Winter is New Mexico time for desert hiking!  We have had some great weather the past two months, sunny, cool and a little breezy.  Perfect.  And dry conditions are imperative due to the dirt roads required to get to these hikes.  All have been Northwest of Albuquerque in a region called the Rio Puerco Basin.  Of course, there is normally no water in the "Rio"!

First hike was in the official Ojito Wilderness.  We have been there many times but tried a mostly new route this time:  up and over Bernalillito Mesa, returning via the familiar Hoodoo Pines and colorful sandstone areas.

Our second hike was in the La Lena Wilderness Study Area.  We have done loop hikes in this northestern area of the WSA before, but today was an out and back walk partly along the CDT (Continental Divide Trail) to the best hoodoos areas (of course!).

Our third hike was a New Mexico Mountain Club outing to the Piedra Lumbre arroyo area.  Another place we have been to many times, but this was a new route that visited the tops of several mesas, along with the great scenery and hoodoos as usual.  There were also several old Navajo structures and the remains of log sweat lodges.  This was a rare Tuesday hike, thus nicknamed the "retirees" hike!

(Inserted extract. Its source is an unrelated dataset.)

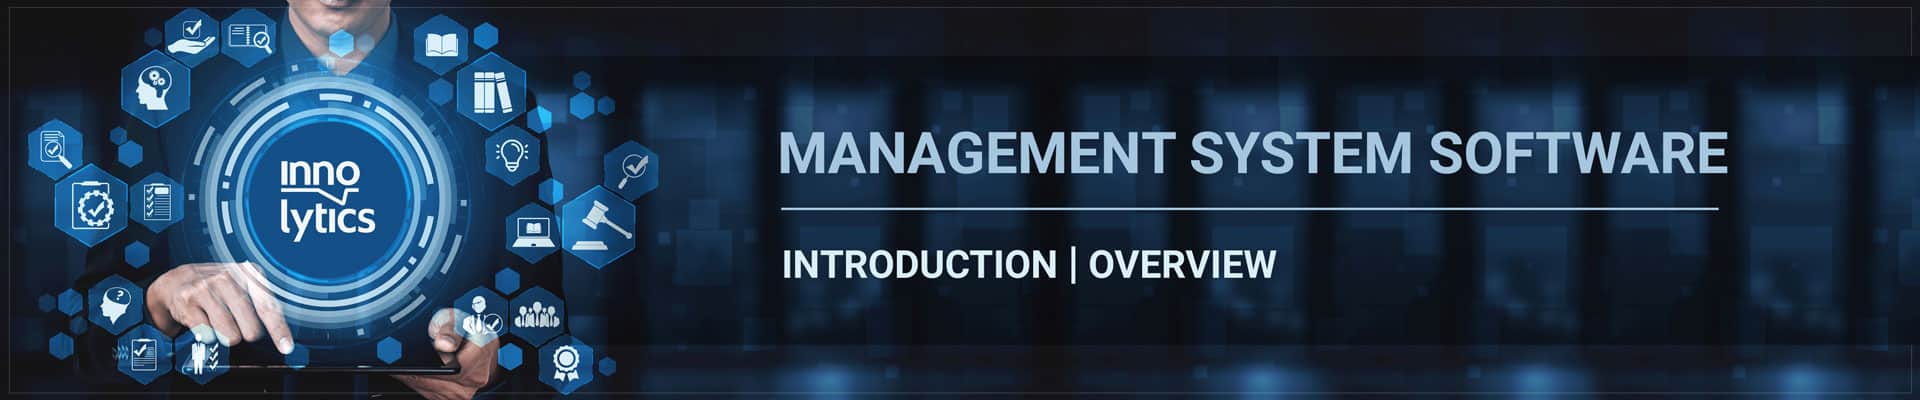 innolytics-innovation-management-system-software

The fourth and last (so far) hike was back to the Piedra Lumbre arroyo, just the two of us.  It was an exploratory walk in the far west side of the area, new for us.  It turned out to be an abbreviated hike due to increasing clouds.  After two hours of meandering and exploring, we made a direct beeline back to the vehicle in just an hour, getting sprinkled on several times.  Not a problem for the hike itself, but a local downpour could turn the dirt roads into a muddy quagmire!  Luckily no real rain.

Two more Winter hikes (though it's now spring)!  Tohajiilee is the name of the Navajo clan that surrounds the BLM land that we hiked on.  Lots of dirt road to get there, but all was dry and the weather was great.  This area has a lot of colorful red rocks and formations, small arches, and a sandstone "beehive" area.  Great outing!

The hike was just yesterday (Tuesday March 24).  The Sandstone Bluffs are in the El Malpais National Monument south of Grants, New Mexico.  A beautiful sandstone area of formations and large arches that borders the old lava flow from Mount Taylor.  The mountain (11,301 feet; we of course have been to the top several times) made a great snowy backdrop to some of the images.  It was a 7+ miles loop going along the top of the bluffs, dropping down to the lava level, then back along the base of the bluffs, finally huffing back to the top at the end.  There were four large arches along the rim, native american ruins (nothing more than rock piles now) with lots of pottery shards, and old homestead ruins.  Not sure who would like to homestead out there!